I fully intended to post yesterday, in the afternoon before I left for my L5R game. But first of all I got really absorbed in the bead project I'm currently working on... Then a friend came over. I think we were all only planning on her being here for a few minutes, but then she noticed the thing about bead crochet on the cover of the latest B&B, so I showed her the article, and then we spent a good half-hour sitting on my living room floor trying to figure out bead crochet. One beader, one crocheter, and we still didn't figure it out! It was fun anyway, though, and we might give it another try in the future.
I am going to be super-busy for the next few days. I volunteered to take over editing all of the pictures of this year's Beading for a Cure projects. Little did I realize just how many pictures that was! I received the disc today, spent a while looking at the projects (they're phenomenal), and tonight I will start the long task of getting them ready for the website. I will of course let you know when they are up, so you all may go "Oooh" and "Aaaah" appropriately. The auctions, by the way, will be starting in March. Start saving your pennies now!
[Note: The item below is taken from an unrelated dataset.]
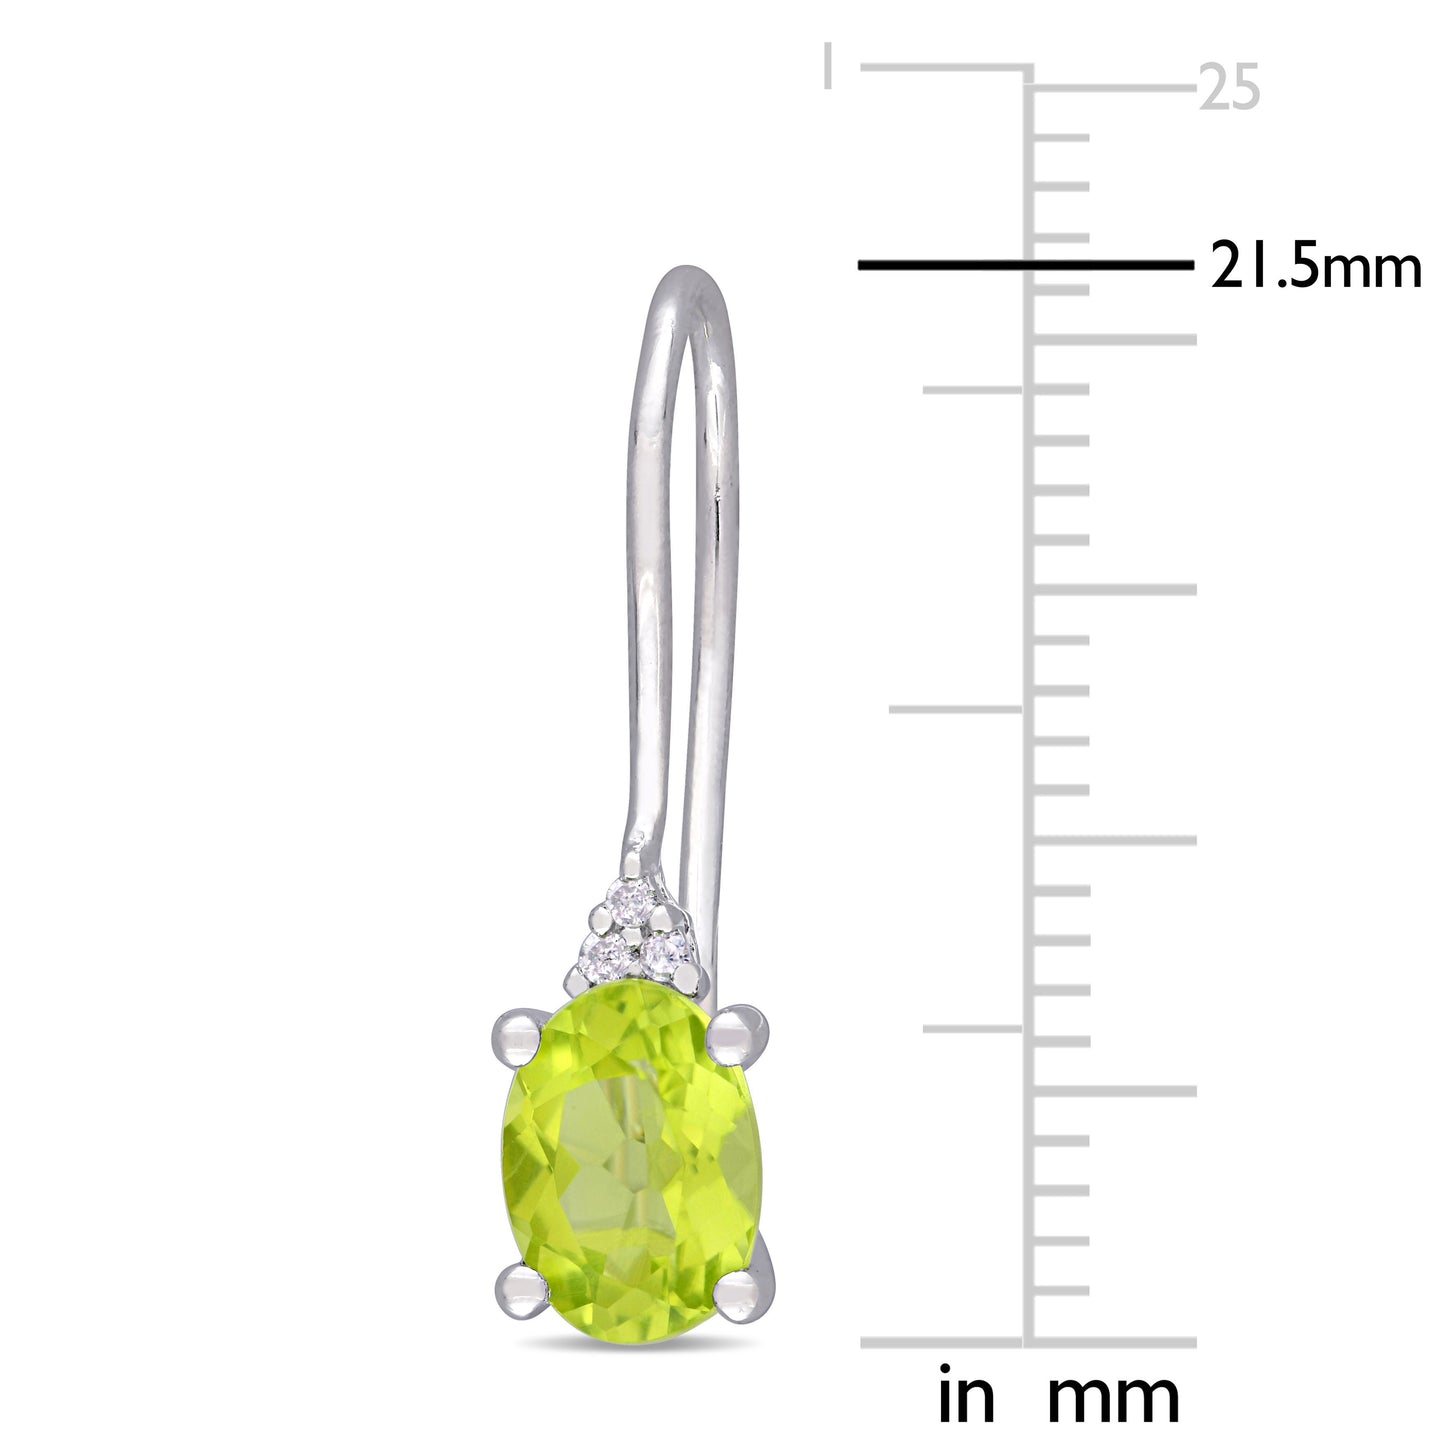 1 5/8 t Emerald Cut Peridot & 0.03ct Diamond Earrings in Sterling Silver

Beading for a Cure is done in the memory of a woman named Layne, with whom I was friends for a few years. I was thinking about Layne yesterday, as I was working with peyote stitch. She lived in California, but her parents lived in Green Valley (the next town over from Tucson), and so it wasn't too unusual for her to come out here and visit, when her health allowed. One time she tried to teach Chris and I peyote stitch, with giant needles and plastic pony beads. I didn't fully grasp it at the time, but I kept at it. Whenever I saw her after that, I'd show her the projects I'd done with tiny bits of simple peyote stitch. As I was sitting there, making a peyote ruffle around the edge of a cabachon, I started thinking about how I wished I could show her that it had finally "clicked" and I could really do the stitch now. I like to think that she'd be pretty proud of me. And in fact, one of the colors of beads that I'm using in the project was part of the sizable bead collection she left me after she passed, so I guess in a way, there's a little bit of her in this necklace.
I'm hoping to finish the necklace tonight, so it can be part of tomorrow's update. And just in case Layne is out there somewhere and able to know when she's thought of, I'd like to say: Thank you for everything; the teaching, the beads, but most of all the friendship and being there when I needed you.